- Born: c.1988 Dublin, Ireland
- Occupation: Fashion designer
- Known for: Founder and creative director of Manley

= Emma Manley =

Irish fashion designer and founder of Manley

Emma Manley (born c. 1988) is an Irish fashion designer and entrepreneur. She is the founder and creative director of the womenswear label Manley, recognized for blending leather, hand embellishment, and contemporary tailoring. Her career has been profiled in major Irish publications and media platforms, and she is regarded as one of Ireland’s notable independent designers.

== Early life and education ==
Manley grew up in Dublin, where her mother worked as a bridalwear designer and introduced her to sewing in childhood. She attended Coolmine Community School and later studied at the Grafton Academy of Fashion Design after unsuccessful applications to NCAD and LSAD, an experience she has said helped shape her determination to work in fashion.

== Career ==
Early in her professional life, Manley interned with VPL in New York and later with Alexander McQueen in London, working in the embellishment department, an experience that influenced the decorative elements seen in her later work. She also held roles in retail and worked with Topshop in Dublin, including personal shopping and style advisory work.
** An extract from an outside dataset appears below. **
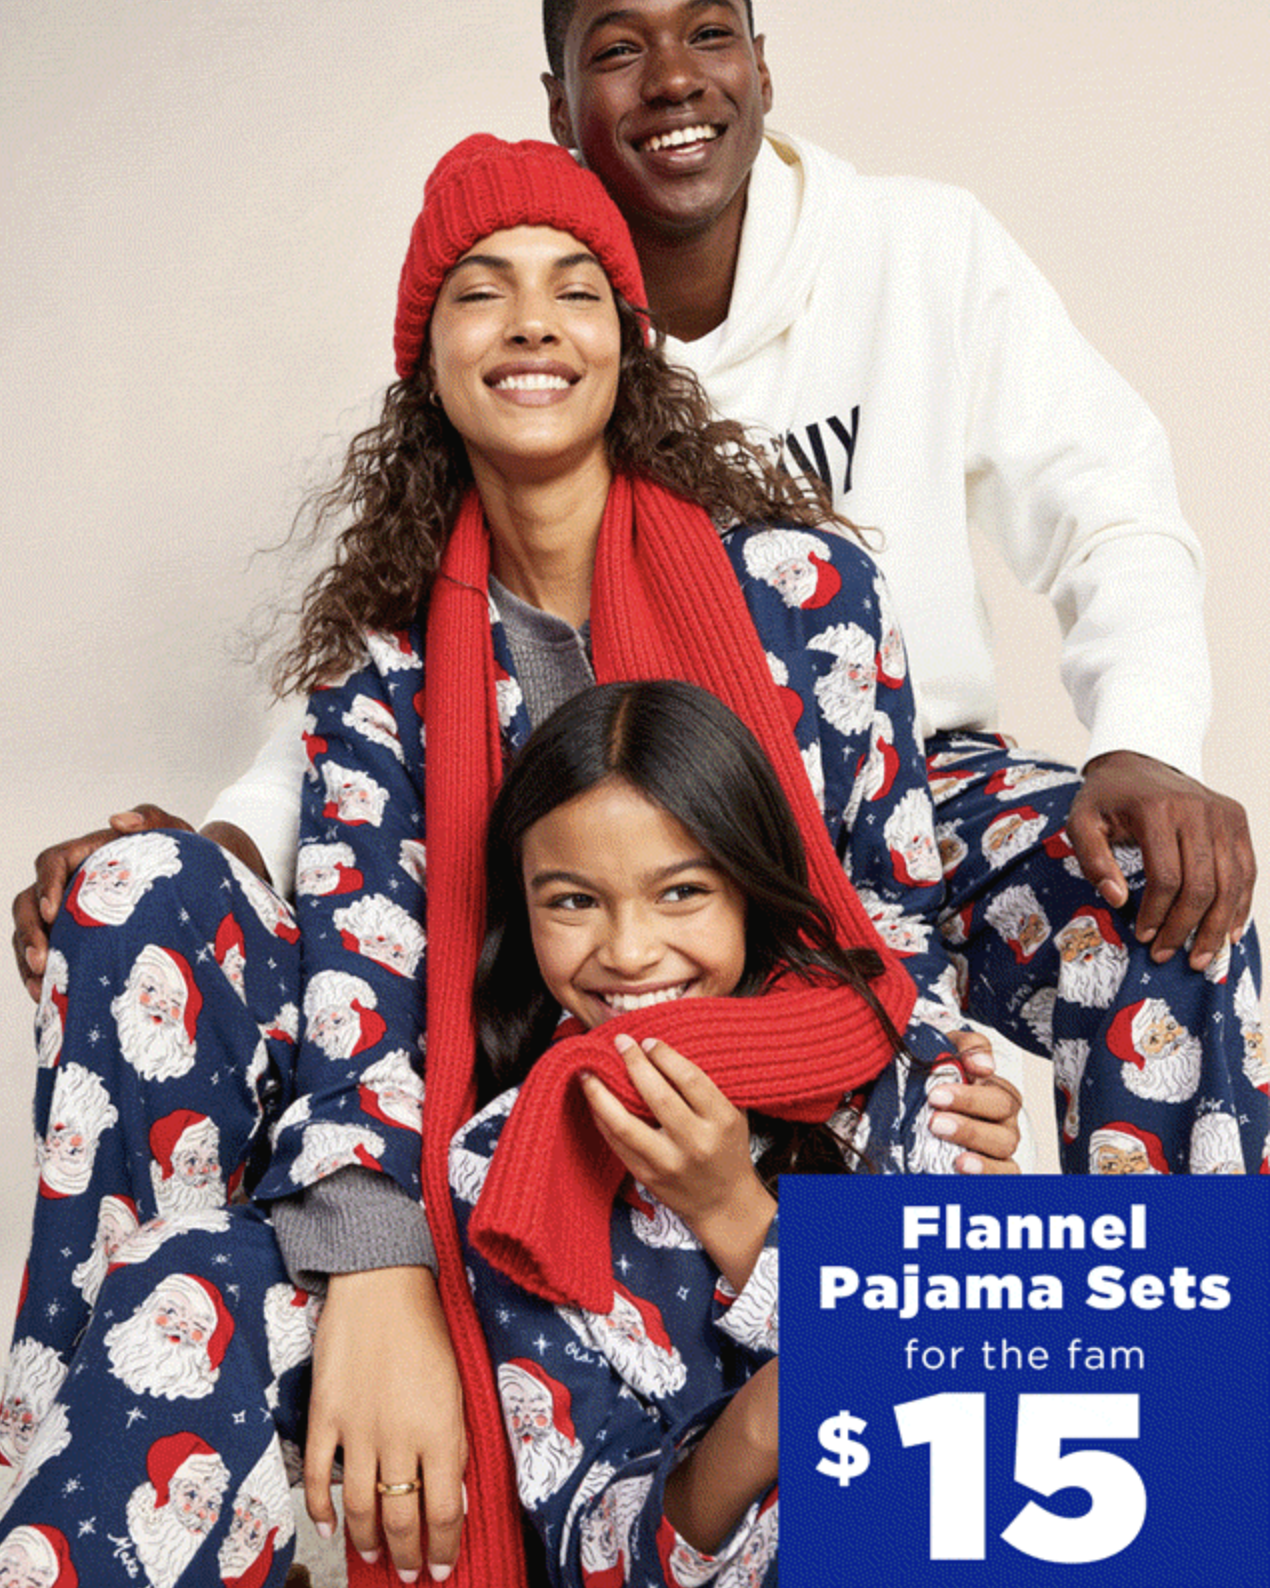 MUK LUKS Butter Knit Family Pajama Set

She launched her label in 2011 with a modest six-piece collection, using pop-up shops and creative grassroots strategies to gain attention.

In 2016 she gained a high-profile commission designing the wedding gown for Irish actor Aoibhín Garrihy, a bespoke piece that drew widespread media coverage and catalyzed her bespoke bridal line.

She has also engaged in collaborative initiatives including co-founding the retail showcase BLOSS in 2018, participating in Brown Thomas’s CREATE program, and limited works such as festive designs for Insomnia Coffee Company and promotional pieces associated with The O2 in Dublin.

== Design ==
Emma’s style is known for the intersection of feminine and edgy: leather, metallics, and hand-appliqué embellishment are signature elements. In a 2016 Hot Press interview, she described her Autumn/Winter 2016 collection as inspired by 1950s pop art, with bold color palettes and strong geometric shapes paired with sheer paneling and metallic leathers.

== Awards and recognition ==
She won the Favourite Irish Designer award at the Peter Mark VIP Style Awards in 2018. National media, including RTÉ, have described her as one of Ireland’s most recognised designers.

== Personal life ==
Emma is married to Eoin Ó Súilleabháin, and the couple have three children, whom they are raising through the Irish language. In a 2019 podcast she discussed returning to work, maternity-friendly design and the challenges of balancing motherhood with entrepreneurship. In 2023, she appeared in the Irish Independent “My Money” column discussing household budgeting and her use of solar panels at home.